You might want to stand up for this news: Sitting too much at work and during your drive home is bad for your health, as bad as not exercising.
“We’re basically killing ourselves by the way we’re sitting,” says Jheri Bellard, a fitness specialist for Baton Rouge General. “We’re becoming part of our furniture.”
The average American sits for 70 hours a week, says Marc Hamilton, a professor at Pennington Biomedical Research Center who is a leading researcher on the effects of inactivity on the body. He and other researchers are connecting sitting with heart disease and diabetes.
“No matter what country you live in, you probably spend most of your day sitting,” Hamilton says, adding that sitting is a factor in “all these diseases that seem to be the scourge of modern society. Things that weren’t a big deal 100 years ago that are a big deal now.”
And, Hamilton says, exercise will not counteract all that chair time.
“Sitting too much is not the same as exercising too little,” Hamilton says. “They are very different behaviors.”
When we are inactive, some bad molecular processes in our muscles turn on, and many good ones turn off, Hamilton said. Our ability to burn calories inside of special types of muscles needed for moving around plunges immediately, and an enzyme that removes fat molecules from the blood — what Hamilton explains is like “the vacuum for bad fat in the bloodstream” — gets turned off.
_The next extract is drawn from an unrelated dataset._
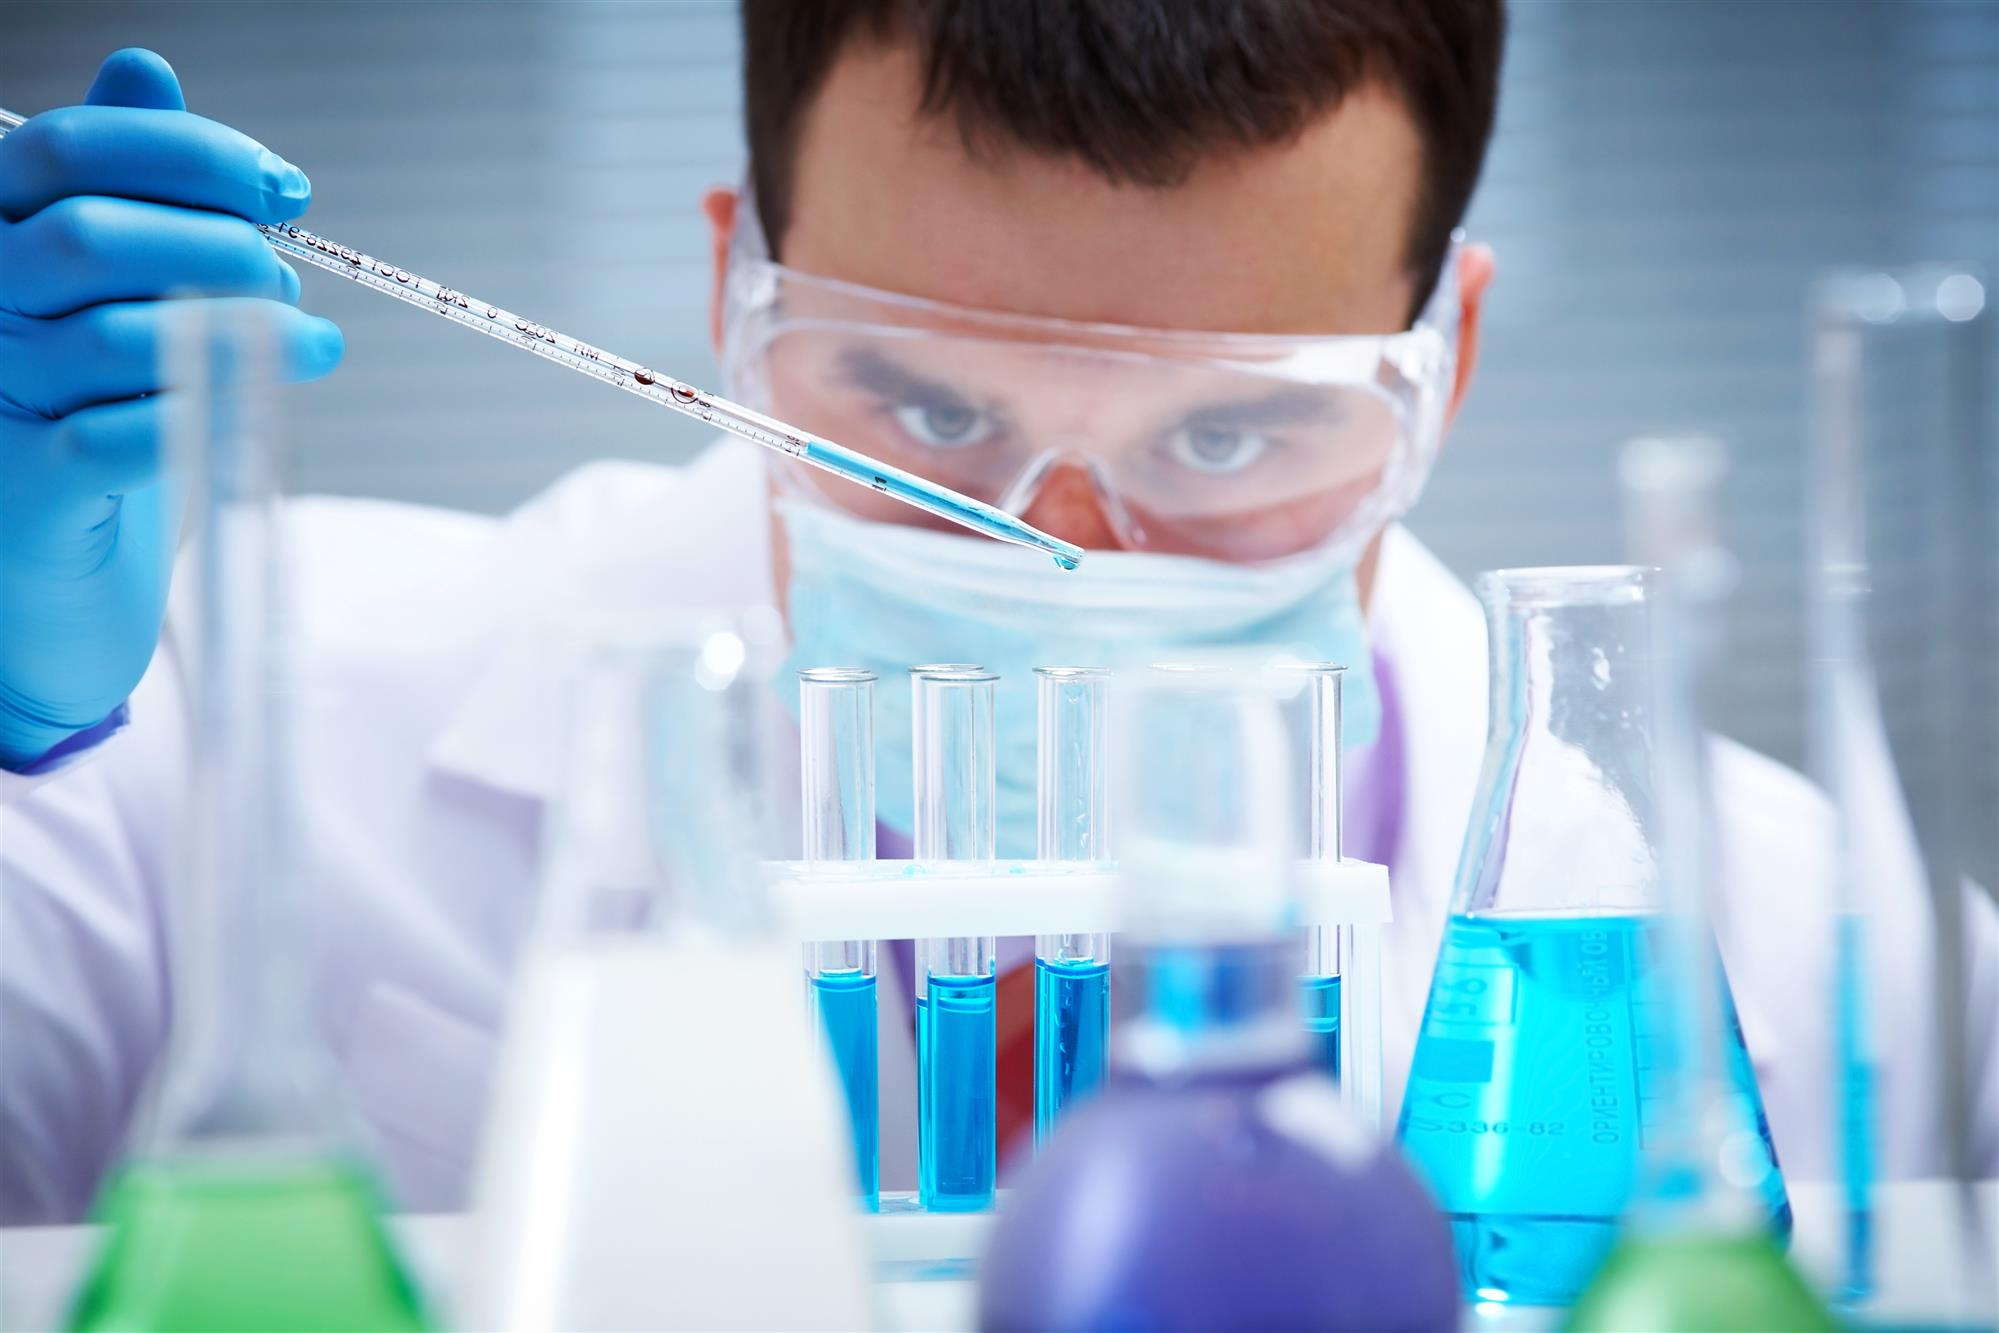 Laboratory-Notebook-Practices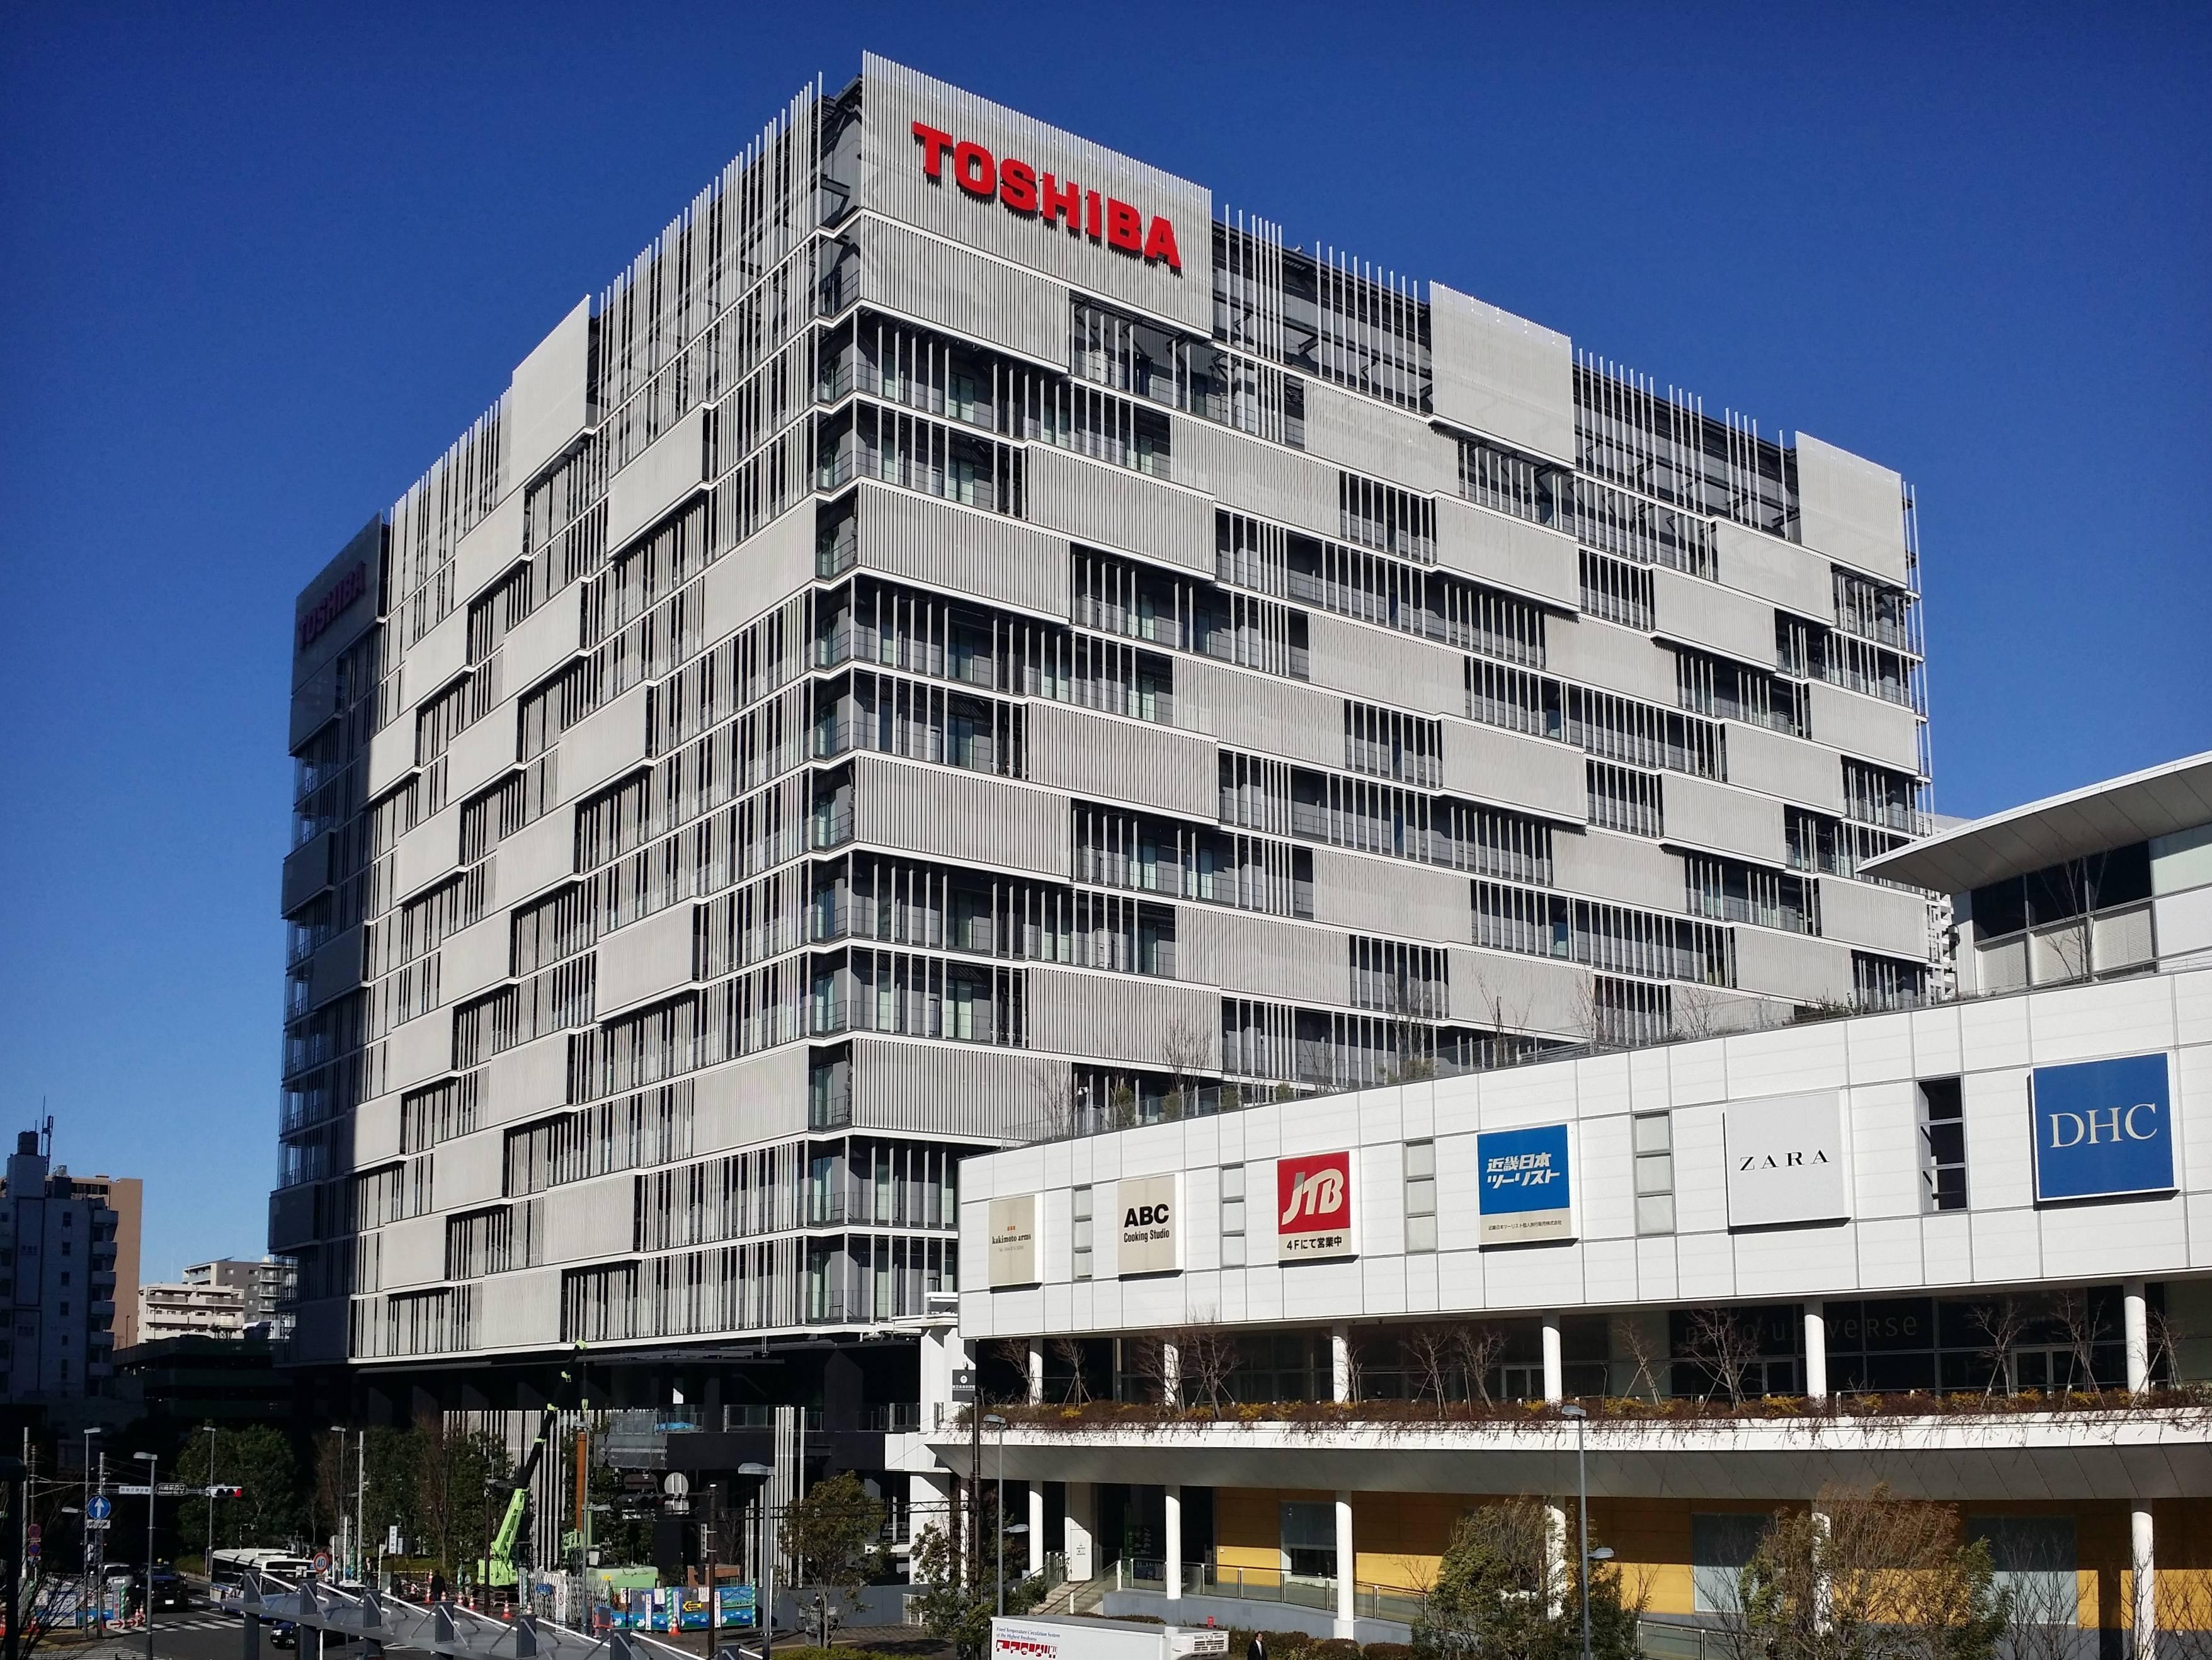 lazona kawasaki toshiba building.jpg?resize=648,365 - 東芝大分工場の社員の命運を分けた「ソニー」「東芝」の2択問題

Eating right and exercising 30 minutes or an hour everyday will not prevent the negative consequences of sitting at work, driving home and hitting the couch for a couple of hours of TV time every night, Hamilton says.
“So to think that you can go out and work out for an hour or two or three each week is going to mop up this mess is very implausible,” he says.
The solution isn’t to run in place at your desk or do push-ups between business calls.
“If it looks like exercise, it ain’t gonna work,” Hamilton says.
Those who have sedentary workdays need to replace more sitting hours with low-intensity activity, he said.
“Realize that all these little activities in your life right now, they add up to hours,” Hamilton says. “They really do matter.”
An hour spent cooking dinner shouldn’t be seen as a waste, he says. That’s one hour away from the couch. Just walking around, picking up around the house helps.
At Pennington, Hamilton and other researchers are working to find out how much activity is needed each day to slow the negative effects of sitting. Soon Hamilton expects to be able to set a “dosage” — a certain amount of activity for every few minutes of sitting.
For now, fitness professionals like Bellard encourage those with sedentary workdays to “make up creative ways to get more movement out of their lives.”
“Our bodies were meant to move 8,000 to 10,000 steps per day, and that is outside of (working out),” Bellard says.
When his research began receiving attention outside of the scientific world, Hamilton and his team started saying “sitting is the new smoking.” He doesn’t mean that sitting causes the same health problems as puffing on cigarettes. Instead, Hamilton sees sitting as a danger to health that has been overlooked — like secondhand smoke was until the 1980s.
Hamilton is hopeful that more research will lead to a change in culture.
“The public wants to feel good,” he says. “They’re tired of living a lifestyle of no energy, of high risk for diseases.”